Deux refus ont été opposés à Mme X. par l'intermédiaire de la société GESTIONPLUS, le premier du Crédit Mutuel courant octobre 2020, comme attesté par M. [V] le 15 mars 2022, et le second refus par la Banque populaire du Grand Ouest le 24 octobre 2020, après plusieurs mois de négociation.

- la société GESTIONPLUS atteste que ces deux refus portaient effectivement sur le projet de la société GEORGETTE & CO et les doutes formulés sur la crédibilité de cette attestation au seul motif que le gérant de la société GESTIONPLUS serait le compagnon de Mme X. sont sans fondement.

- la société GESTION PLUS a été mandatée le 29 mai 2020 et la justification des refus à partir du mois d'octobre 2020 apparaît donc parfaitement raisonnable, en période de confinement et alors qu'aucun délai n'avait été convenu entre les parties.

- les intimées ont immédiatement été informées des refus de financement, et aucune faute ne peut être reprochée à Mme X. qui n'a donc pas défailli dans l'accomplissement des formalités nécessaires à la levée de la condition suspensive.

- le fait que la société GEORGETTE & CO ait finalement réussi à obtenir un financement pour un autre projet, bien moins coûteux, ne saurait évidemment suffire à valoir accomplissement de la condition suspensive spécifiquement conclue avec les sociétés ATLANTIC AGENCEMENT et MOBIL M CONSTRUCTION.

- les refus dont Mme X. a fait l'objet justifient que l'avant-contrat envisagé soit devenu caduc.

- la condition suspensive dont les devis des sociétés ATLANTIC AGENCEMENT et MOBIL M CONSTRUCTION ont été assortis ne saurait être réputée accomplie et aucune faute dans la défaillance de la condition ne peut être imputée à la société GEORGETTE & CO.

- les intimées ne devaient entreprendre quelconque prestation puisqu'en cas de refus, le contrat encourait la caducité.

- la réalisation effective du travail qu'elles prétendent avoir « accompli en 8 mois » n'est démontrée d'aucune manière, seuls des échanges, des devis et des factures d'acompte étant pour mémoire versés aux débats.

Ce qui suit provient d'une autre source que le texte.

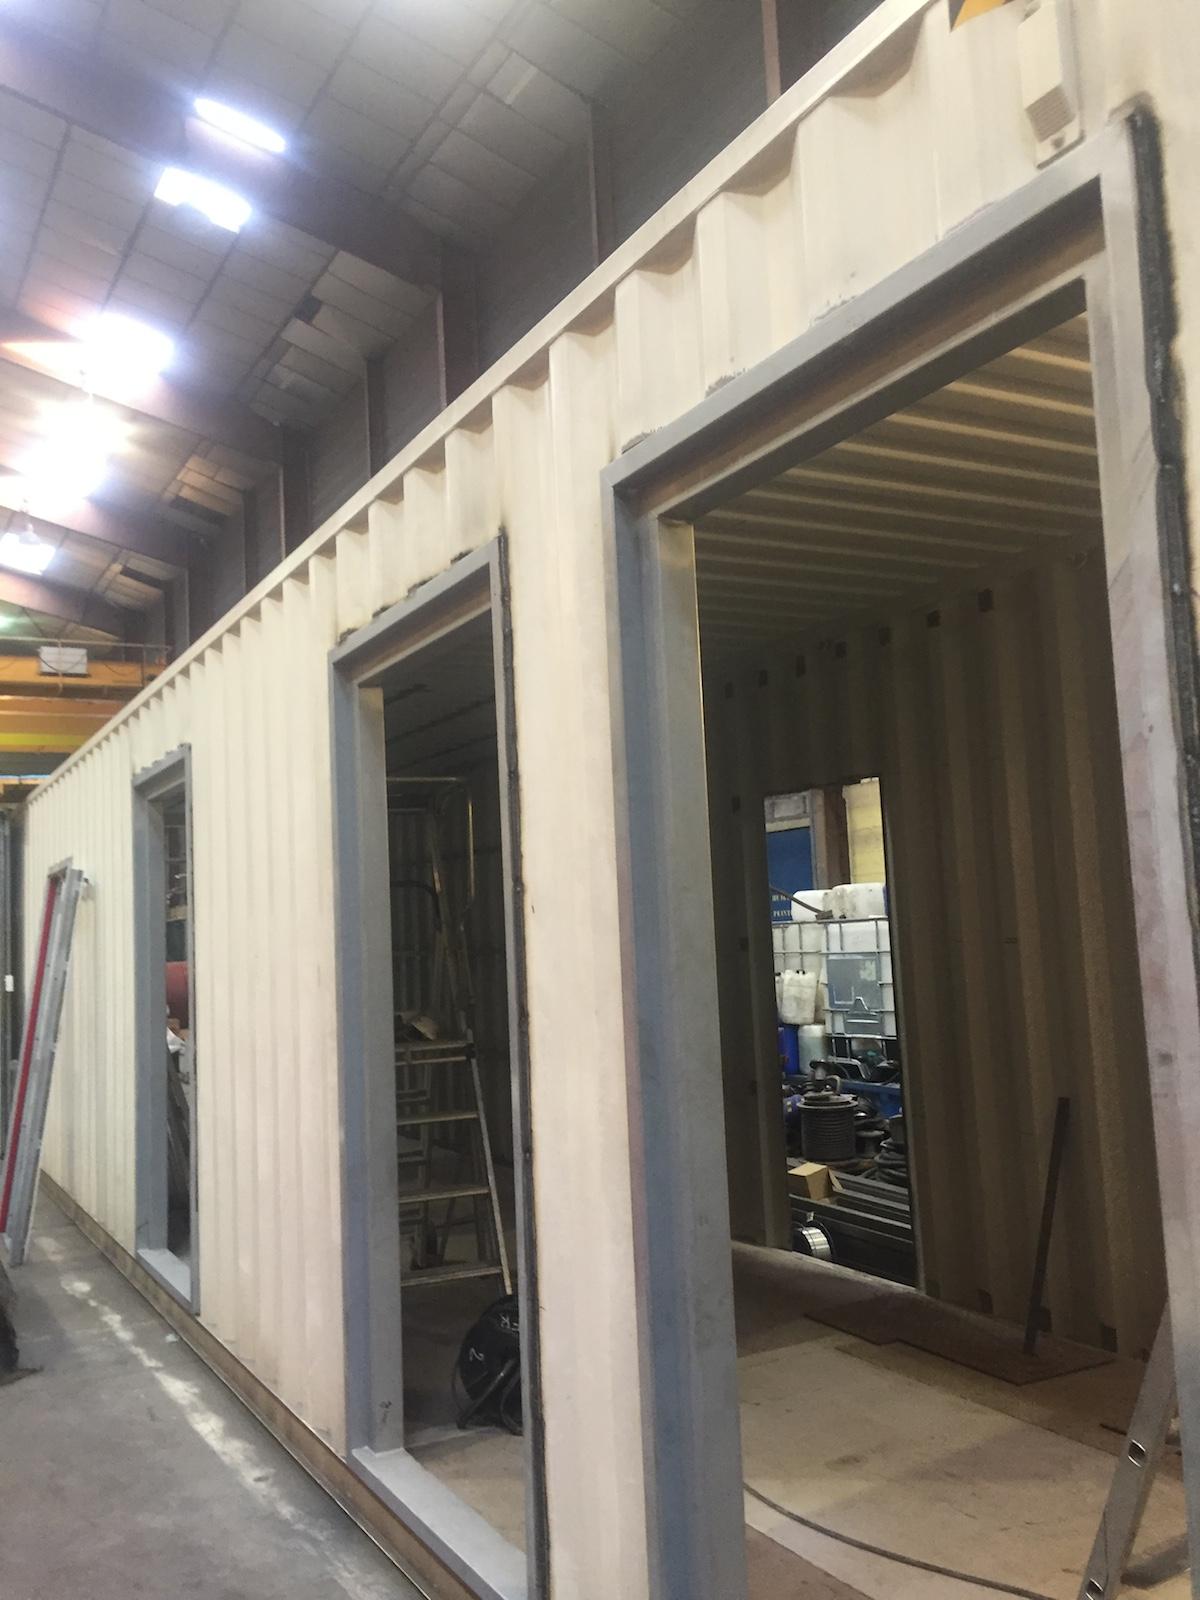 fabrication et installation d un container groupe lectrog ne sp cial pour un centre hospitalier. Black Bedroom Furniture Sets. Home Design Ideas

- Mme X. n'a nullement repris le travail que les défenderesses prétendent avoir réalisé au titre de la conception du projet puisque qu'elle a notamment mandaté l'entreprise REMAUD PUBLICITÉ aux fins de réalisation de son logo.

- le caractère abusif de l'action engagée justifie le paiement d'une amende civile de 10 000 €.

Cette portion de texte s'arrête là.